Senior Takhona Hlatshwako has been named UNC’s 52nd Rhodes scholar, joining a long list of Tar Heels awarded with the prestigious honor.
Beginning next fall, Hlatshwako will participate in a fully funded one-year interdisciplinary master’s degree program in international health and tropical medicine at the University of Oxford.
The Rhodes scholarship allows students from around the world to pursue a postgraduate degree at the University of Oxford, forming a cohort of approximately 100 scholars.
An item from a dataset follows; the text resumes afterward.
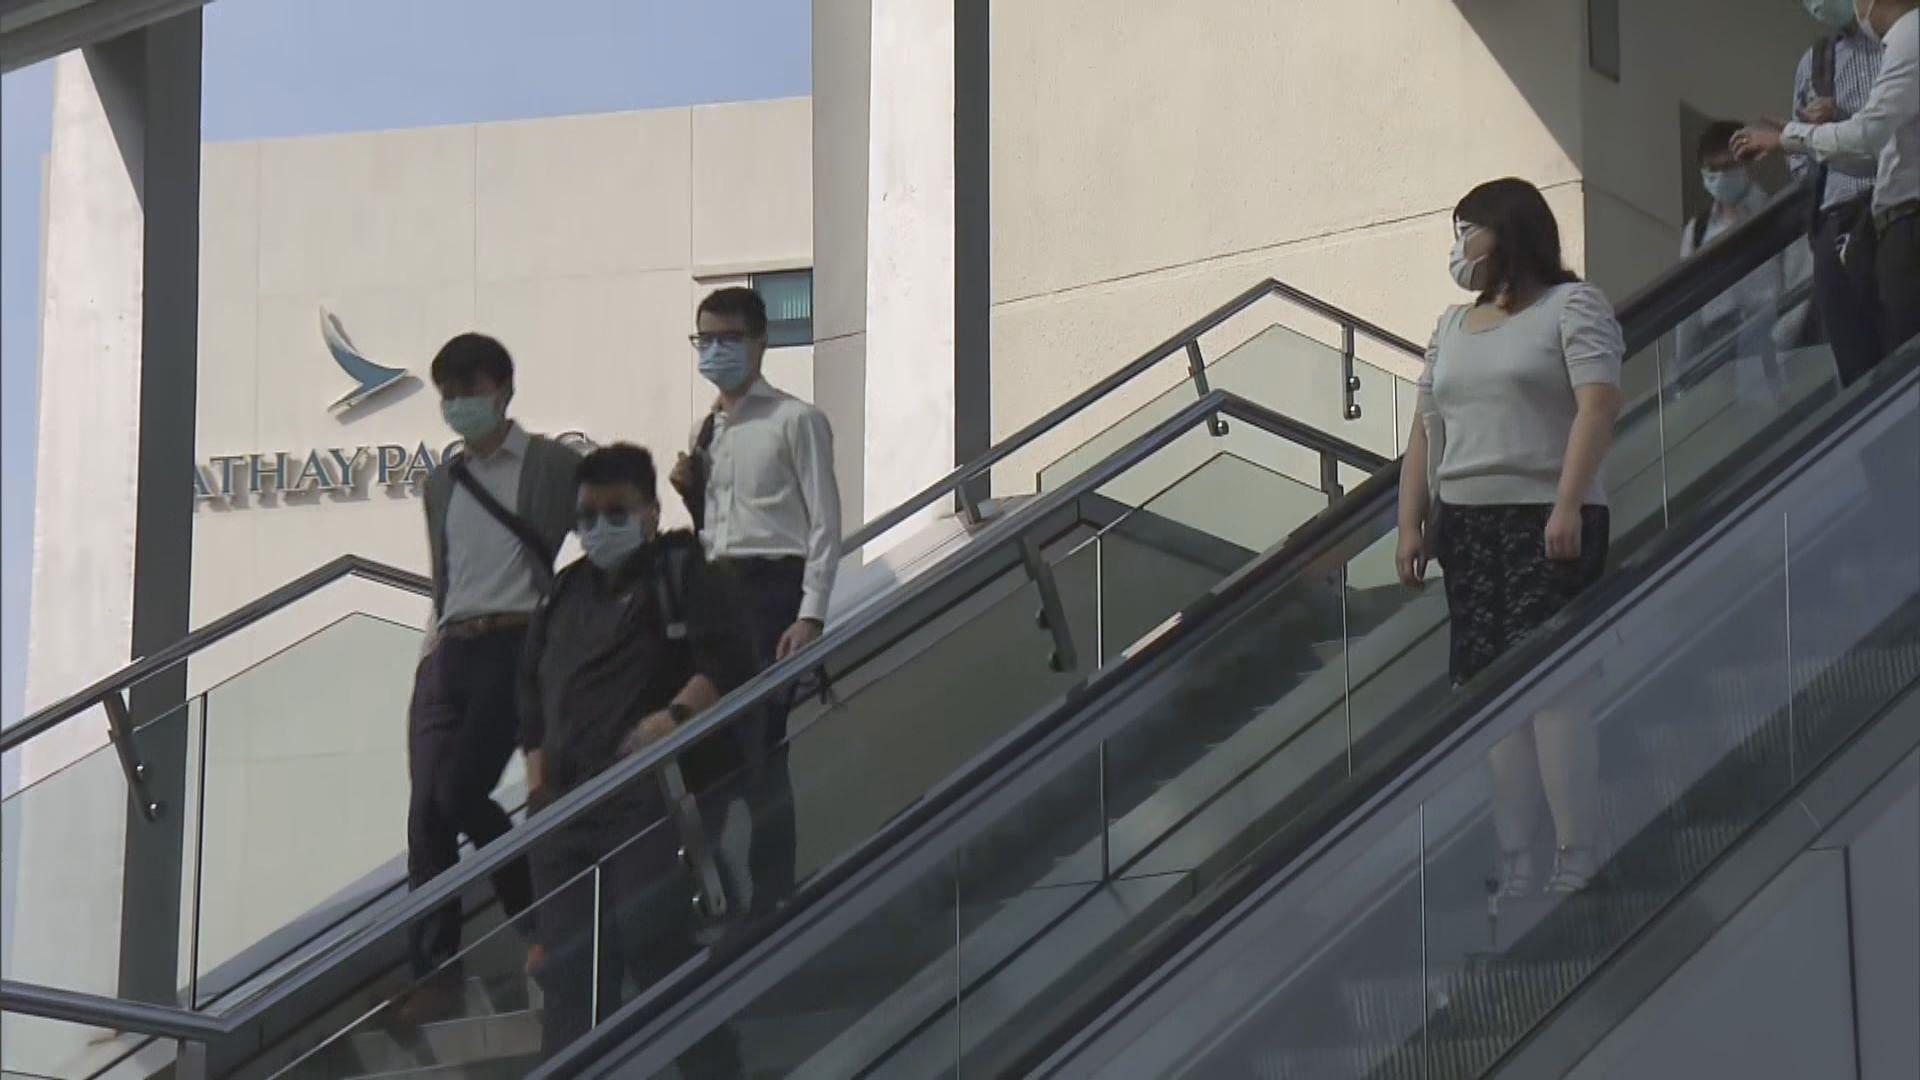 國泰:若航空業明年恢復 不需要再進一步裁員

Hlatshwako said she applied for the scholarship to further her education and combine her love for studying with service.
“I didn’t just want to study global health, I also wanted to do something that I felt was worthwhile,” she said.
Hlatshwako is originally from the Kingdom of Eswatini, formerly known as Swaziland. She is one of the first from her home country and the 33rd Morehead-Cain scholar to receive the Rhodes scholarship. She was selected through the Botswana, Lesotho, Malawi, Namibia and Eswatini Scholarship under the Rhodes Trust.
Hlatshwako said growing up in Eswatini and watching HIV spread quickly among people she knew directly affected her drive toward the field of public health. Witnessing the virus's effects on others was one of the reasons Hlatshwako said she wanted to invest her time in learning more about public health.
“There’s this philosophy called Ubuntu, which means, ‘I am because we are,’ and that was really a huge part of my upbringing,” Hlatshwako said.
She said regardless of who she spoke with in her home community, everyone felt like family and cared for one another.